Source : Conservation International
Or, ces points chauds de la biodiversité planétaire sont ceux qui subissent les pertes les plus fortes.
A titre d'illustration, l'indice précité du WWF sur l'érosion de la biodiversité terrestre indiquait une perte moyenne de 31 % sur l'ensemble de la planète, mais cet indice d'affaiblissement atteint 64 % dans les régions tropicales et est encore supérieur dans le domaine géographique Inde-Malaisie de l'Asie du Sud-est :
Source : WWF
De même, si on reprend l'indice marin du WWF, sa perte moyenne n'est que de 27 %, mais elle atteint 60 % pour la zone océan Indien/Sud-est asiatique :
Source : WWF
b) Des biotopes sont plus particulièrement menacés
- La perte de biodiversité dans les milieux humides et des eaux continentales a atteint 37 % entre 1970 et 2000,
- les biotopes marins et côtiers sont très affectés :
* 60 % des coraux sont exposés à l'activité humaine et 20 % ont disparu en trente ans,
* depuis 10 ans, le quart des mangroves d'Asie et près de la moitié des mangroves d'Amérique latine ont disparu,
* l'interdiction de la pêche à la morue dans les eaux canadiennes en 1992 n'a pas permis de reconstituer le gisement 8 ( * ) ,
* en 40 ans, la surface de la Mer d'Aral est passée de 66 000 km² à 16 000 km².

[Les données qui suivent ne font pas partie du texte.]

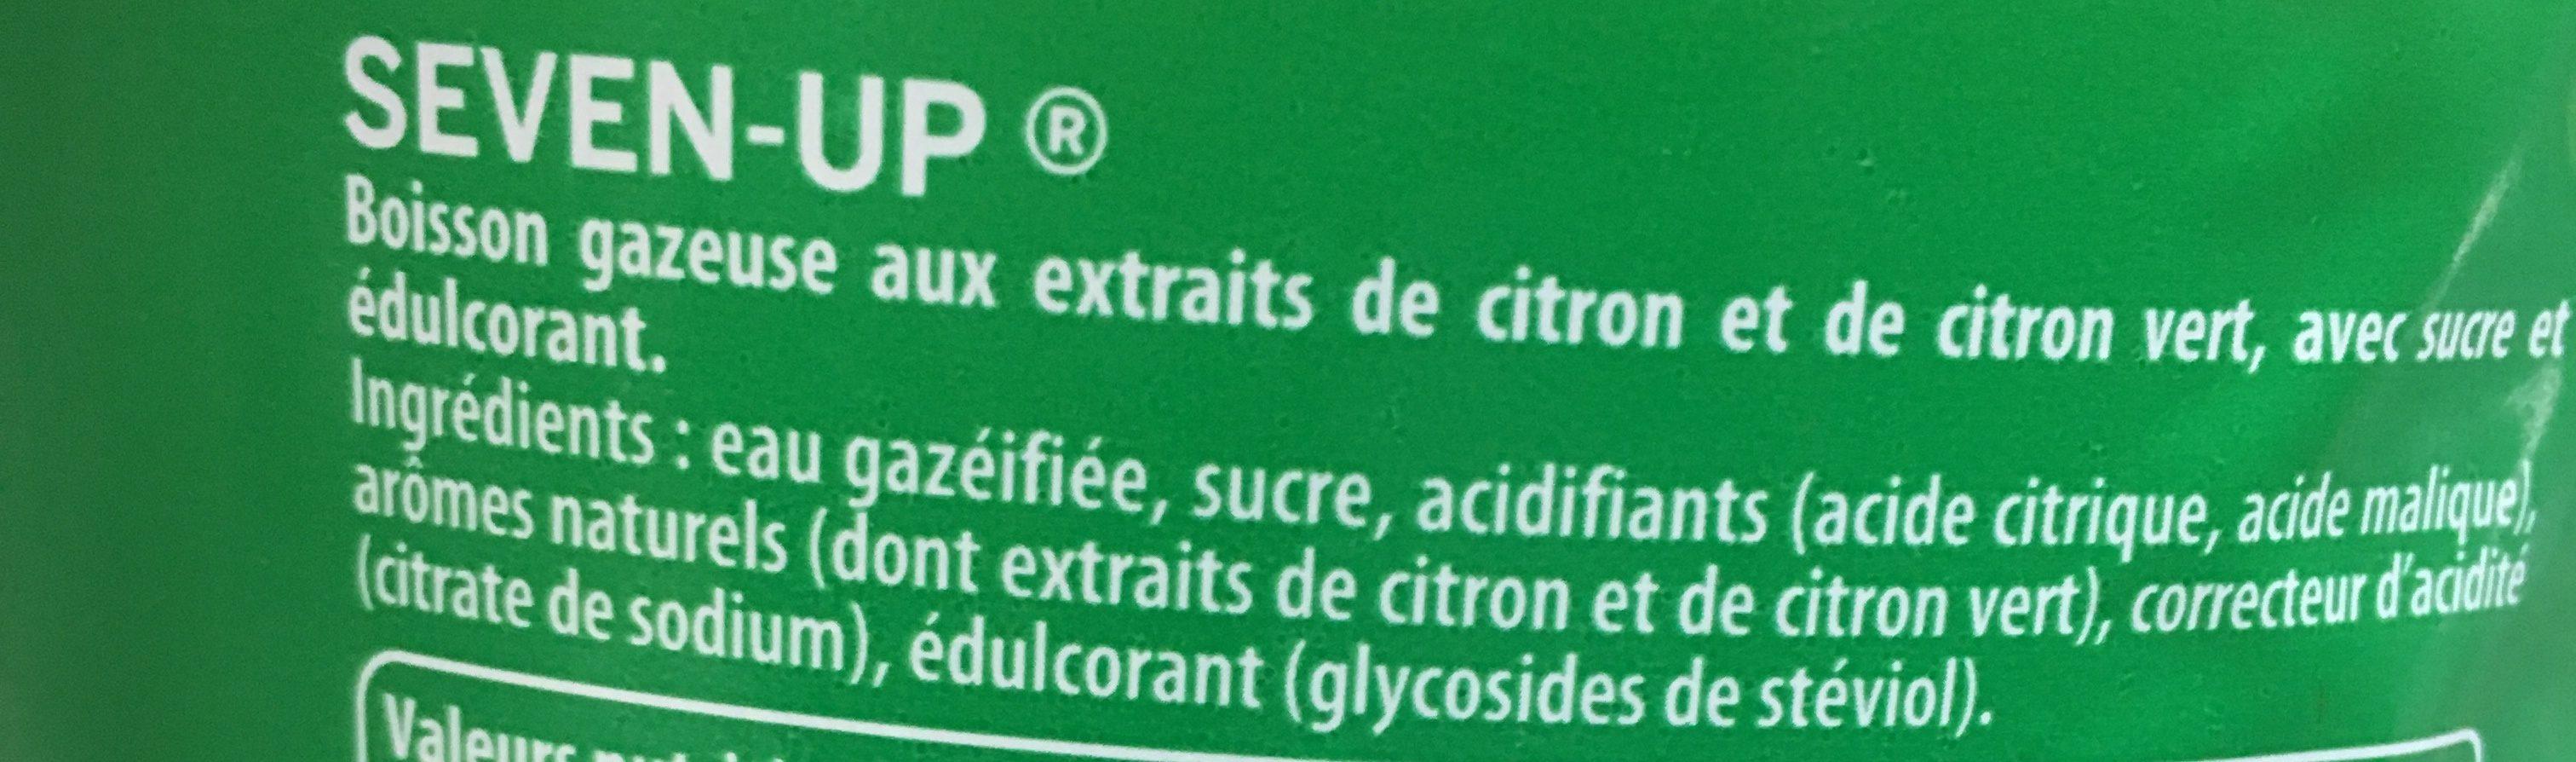 7UP aux Arômes naturels de citron & citron vert format 2 L - Ingrédients - fr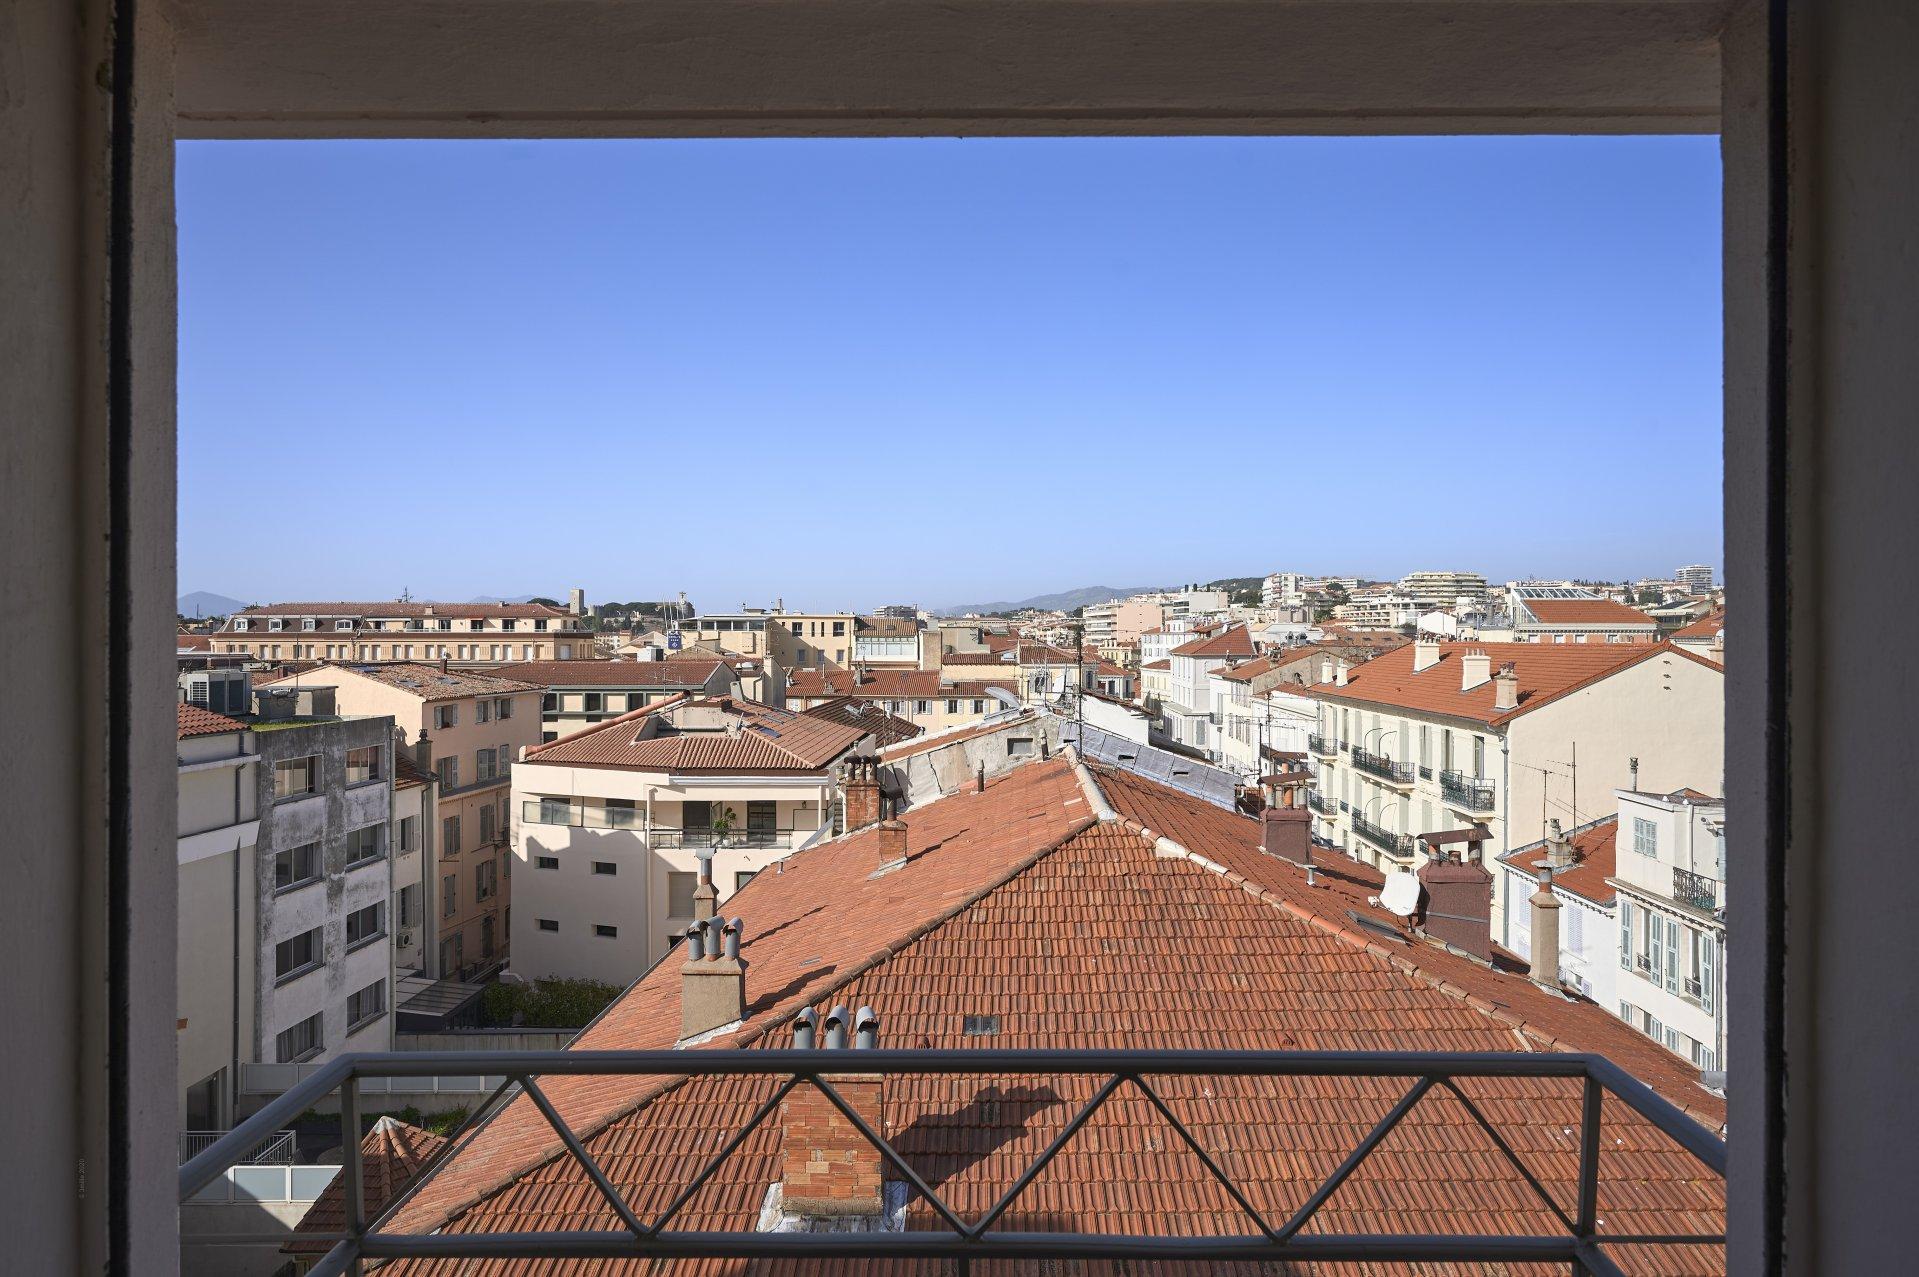 A vendre - 4 pièces contemporain en plein centre ville - Cannes arrière Croisette

- Les milieux forestiers sont très touchés :
* même si la situation est stabilisée, les forêts méditerranéennes, qui sont un des points chauds de la biodiversité mondiale, avaient perdu 70 % de leur habitat initial en 1950,
* la réduction du périmètre des forêts tropicales sèches se poursuit (Madagascar, Mata Atlantica brésilienne dont il ne reste plus que 7 à 10 %),
* la déforestation des forêts tropicales humides (Afrique, Asie, Amérique du Sud) se poursuit au rythme de 13 millions d'hectares par an 9 ( * ) alors que ce milieu héberge 50 % de la flore mondiale.
La carte ci-dessous montre (en rouge) les pertes à venir dans la plus grande forêt du monde, l'Amazonie, si la tendance constatée jusqu'en 2000 se poursuivait jusqu'en 2050 :
Source : WWF
- La biodiversité des pays développés, déjà très anthropisée , continue à être atteinte :
* les eaux continentales subissent le contrecoup d'usages excessifs de polluants et des usages de l'eau pour l'agriculture ; ces ressauts de consommation excèdent les possibilités normales d'adaptation des espèces aquatiques aux variations des cycles hydrologiques,
* l'Union européenne a établi que, hors les zones protégées par les directives « Natura 2000 », les pertes de biodiversité de la faune aviaire pouvaient atteindre 70 % pour certaines espèces 10 ( * ) ; aux Etats-Unis, les pertes de biodiversité sur les vingt espèces d'oiseaux les plus répandues atteignent 50 %.
* l'appauvrissement du sol, et donc de la biodiversité associée, s'accentue. En trente ans, la Beauce a perdu plus de 30 % des composés organiques de son sol,
* en France, de 3 à 5 espèces de céréales couvrent les besoins en protéines végétales contre plusieurs dizaines avant 1939 ; de même, sur la même période, 750 espèces animales domestiques ont disparu ,
* l'accroissement de l'utilisation de l'eau par l'agriculture produit :
- des phénomènes de ruissellement qui augmentent la turbidité des eaux continentales,
- et un développement de la salinité des estuaires qui menace les écosystèmes côtiers,
* enfin, on constate, à la suite du développement des normes d'hygiène, que la biodiversité des bactéries lactiques utilisées dans la fabrication du fromage a diminué de plus de 30 % en vingt ans .
*
* *
* 6 Mise en évidence par le botaniste britannique Watson, au 19 e siècle.
* 7 C'est-à-dire hors des grandes crises d'extinction.
* 8 Ce gisement reposait sur des cycles lents et a été remplacé par des écosystèmes à cycle plus rapide (nécrophages, méduses, etc.).
* 9 Données FAO 2007.
* 10 Et même 80 % à 90 % pour les hirondelles.